ParliSearch – a system for large text corpus discourse analysis

The 7th Conference

Human Language Technologies - the Baltic Perspective

Riga, Latvia
October 6-7, 2016

ParliSearch – a system for large text corpus discourse analysis

Roberts DARĢISa,, Guna RĀBANTE-BUŠAa, Ilze AUZIŅAa and Sergejs KRUKSb

a Institute of Mathematics and Computer Science, University of Latvia

b Rīga Stradiņš University

 

ParliSearch – the system that enables easy discourse analysis in large text corpus, providing stem search with additional search criteria. The system contains verbatim reports from debates of plenary sittings of the European Parliament and the Saeima (the Parliament of Latvia).

For now, two corpora are available in the ParliSearch system:

  • saeima.kospuss.lv – the Corpus of the Saeima (Parliament of Latvia)
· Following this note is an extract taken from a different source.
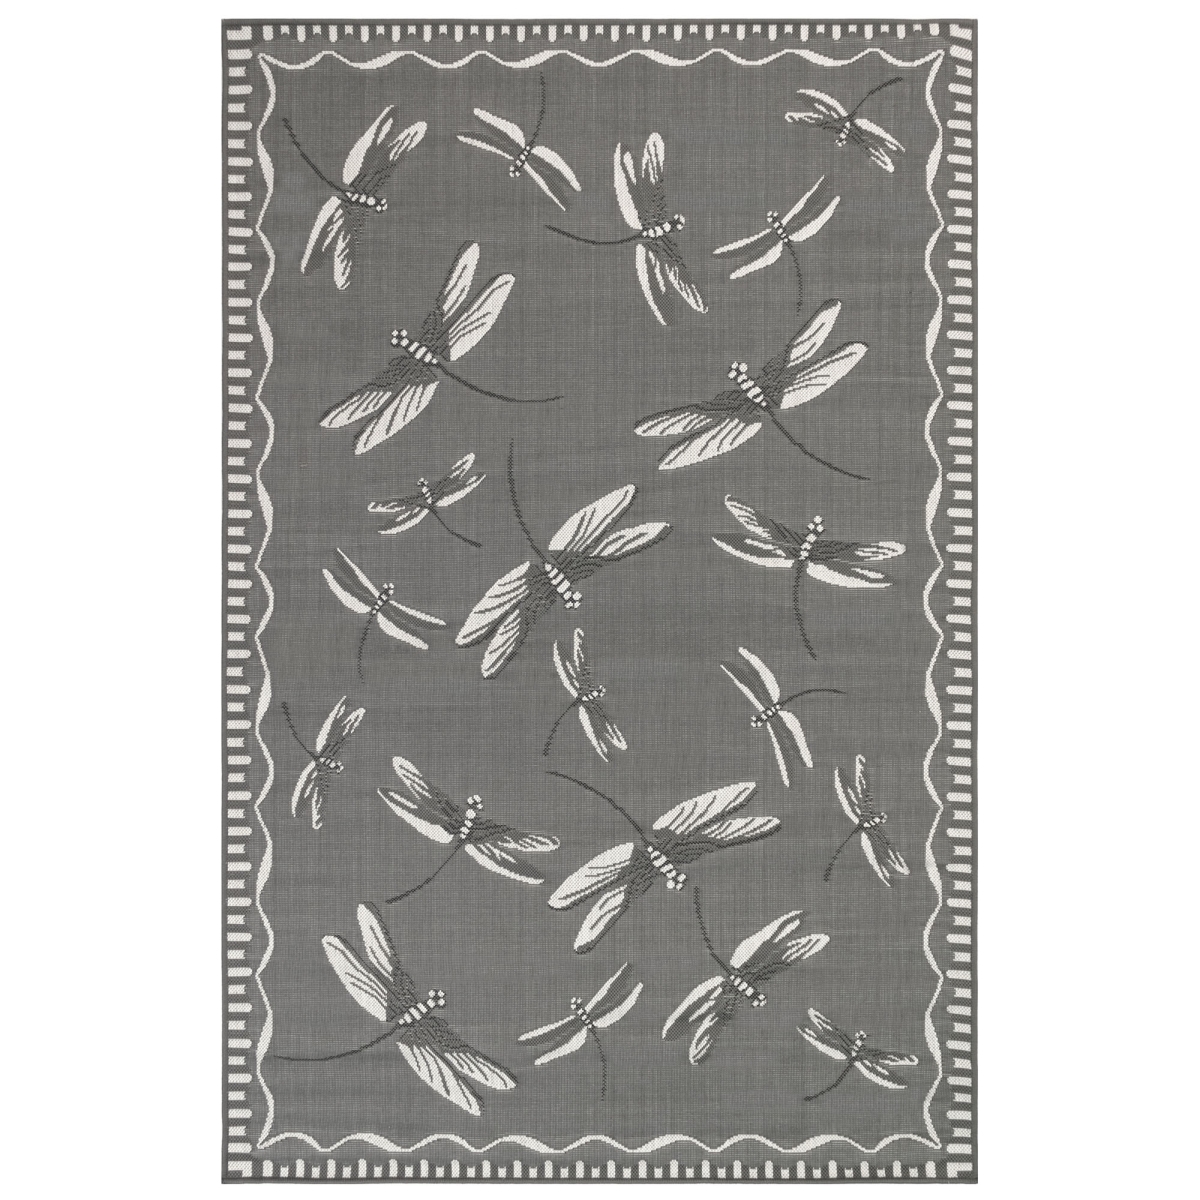 Cre69844097 Liora Manne Carmel Dragonfly Indoor & Outdoor Rug, Grey - 6 Ft. 6 In. X 9 Ft. 4 In.

  • europarl.korpuss.lv – the Corpus of the EuroParl (Parliament of Europe Union).

The Corpus of the Saeima

The data for the Corpus of the Saeima was taken from Saeima’s website where transcriptions of all the sessions of the Saeima are published. Also, the information about members of the parliament can be found there.

The corpus contains transcriptions of plenary sittings of the Saeima from 7 parliamentary terms (from 5th to 11th). In this period, there have been 17 governments, from 1993 to 2014.

Transcriptions of the Corpus of Saeima contain 4.4 million tokens, 465,644 utterances and 647 speakers. Speakers are grouped in 7 categories and 83 subcategories.

The Corpus of the Europarl

The material – transcriptions, translations and information about speakers – for the Corpus of the EuroParl was collected from the Talk of Europe project.

Transcriptions of the Corpus of the EuroParl contain 2,769,433 utterances, 24 languages, 2,260 speakers from 28 countries. Speakers are grouped in 28 categories.

The original and translated versions of utterances are included from 3 parliamentary terms (1999-2014).